Clonal analysis of murine HSC self-renewal and differentiation in native hematopoiesis

Reviewer #1 (Public review):

Summary:

You, Zhang et al. comprehensively characterize the long-term fates of mouse HSCs in the unperturbed setting using transposon-based lineage tracing for up to 2 years post-labeling. Their analyses reveal a complex heterogeneity of long-term fates, dominated by two behaviors: i) long-lived differentiation-biased clones, and ii) self-renewal & platelet-biased clones. They further identify two categories of multipotent progenitor clones, with one group showing a markedly reduced differentiation activity.

Strengths:

You et al. present a very comprehensive and high-resolution characterization of mouse hematopoietic clonal dynamics, with robust replicates, and technical prowess. The manuscript is beautifully written, with in-depth and clear explanations of the logic behind experimental design choices, and very well-thought-out interpretations of results.

Some of the results integrate well with past observations in the field, whereas many of them are quite unique and novel.

This will surely be a highly impactful study in the field of hematopoiesis and stem cell biology.

Weaknesses:

The authors trace hematopoiesis in situ, in a fully unbiased way for almost 2-years.
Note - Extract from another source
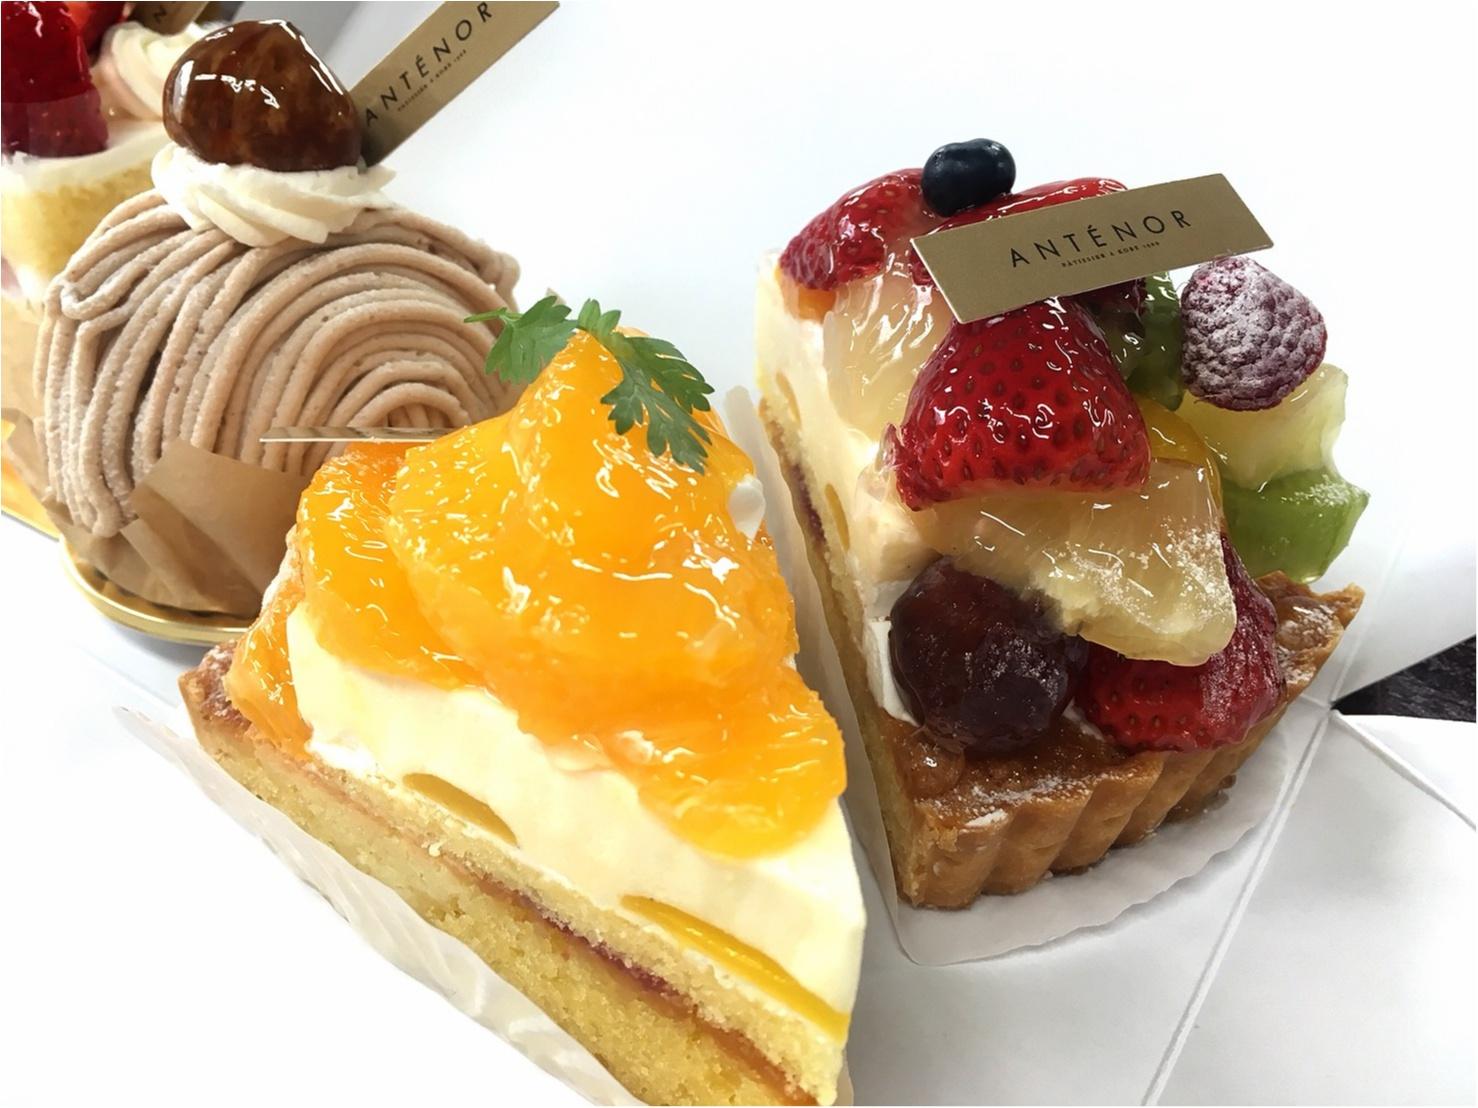 アンテノールのケーキが美味しすぎる。_2

They compare this time course with the last few years of Cre-LoxP-based tracing studies and they make an assumption that most hematopoiesis will be derived from some type of HSC at that point in time. They then use this assumption to support that what is being measured in their model are the long-term fates of HSCs (or at least cells that were HSC at the point of labeling). While this is a generally valid assumption, the short-lived nature of certain populations (myeloid cells, megakaryocytes) means that these cells are being produced in the context of a relatively aged environment by the time of sampling, which might change the properties of the system. In other words, the "steady-state" is always changing. It is important to read and interpret this manuscript with this in consideration.

Reviewer #2 (Public review):

Summary:

The work from You et al. elucidates the clonal contribution of ageing stem and progenitor cells to both native and perturbed hematopoiesis. The authors use a previously published in vivo lineage tracing system (Patel et al., 2022) that relies on the random integration of a transposon element in the mouse genome. They barcode all mouse cells and then look at lineage relationships between HSPC and mature populations after ~90 weeks.

Strengths:

This work offers very interesting insights into the clonal behaviour of HSPC in the native and perturbed setting during ageing. Experiments are well-planned and well-executed. Understanding the clonal output of HSPCs in aged mice in a native setting, after 5-FU treatment, and upon transplantation are important findings for the field.

Weaknesses:

We found appraising the graphs, interpreting the findings, and understanding those findings in the main text very difficult to follow. While we have made some suggestions below, we encourage the authors to think carefully about what the core messages are, and how best to visualise those, both in terms of data viz and in a schematic to summarise the key findings, and to use plain language in the text.

Author response:

We genuinely appreciate the reviewers' interest and recognition of our work. The comments and suggestions on the results presentation and interpretation are well taken. We plan to revise the manuscript based on the reviewers' recommendations in the following aspects.

(1) We fully agree with the reviewer that the aged environment indeed would affect the myeloid and megakaryocyte differentiation behaviors of HSC. As a result, the clonal behaviors of HSCs presented in the current manuscript could be different from how HSCs differentiate in young mice. This point will be discussed in the revised manuscript.

(2) We agree with the reviewer that the manuscript was not as easy to follow as many other papers in experimental hematology, primarily because the analyses presented in the current manuscript were not frequently used in previous studies. To address this, we will try to revise the manuscript using plain language to describe the results and conclusions. We will also provide graphical summary schematics where appropriate to present the findings better. We will further discuss our results in the context of previous findings to better illustrate the novelty of the current work.

(3) We will provide more technical details of our analysis in the revised manuscript for readers to better understand how results are obtained and data analyses are performed in the current manuscript.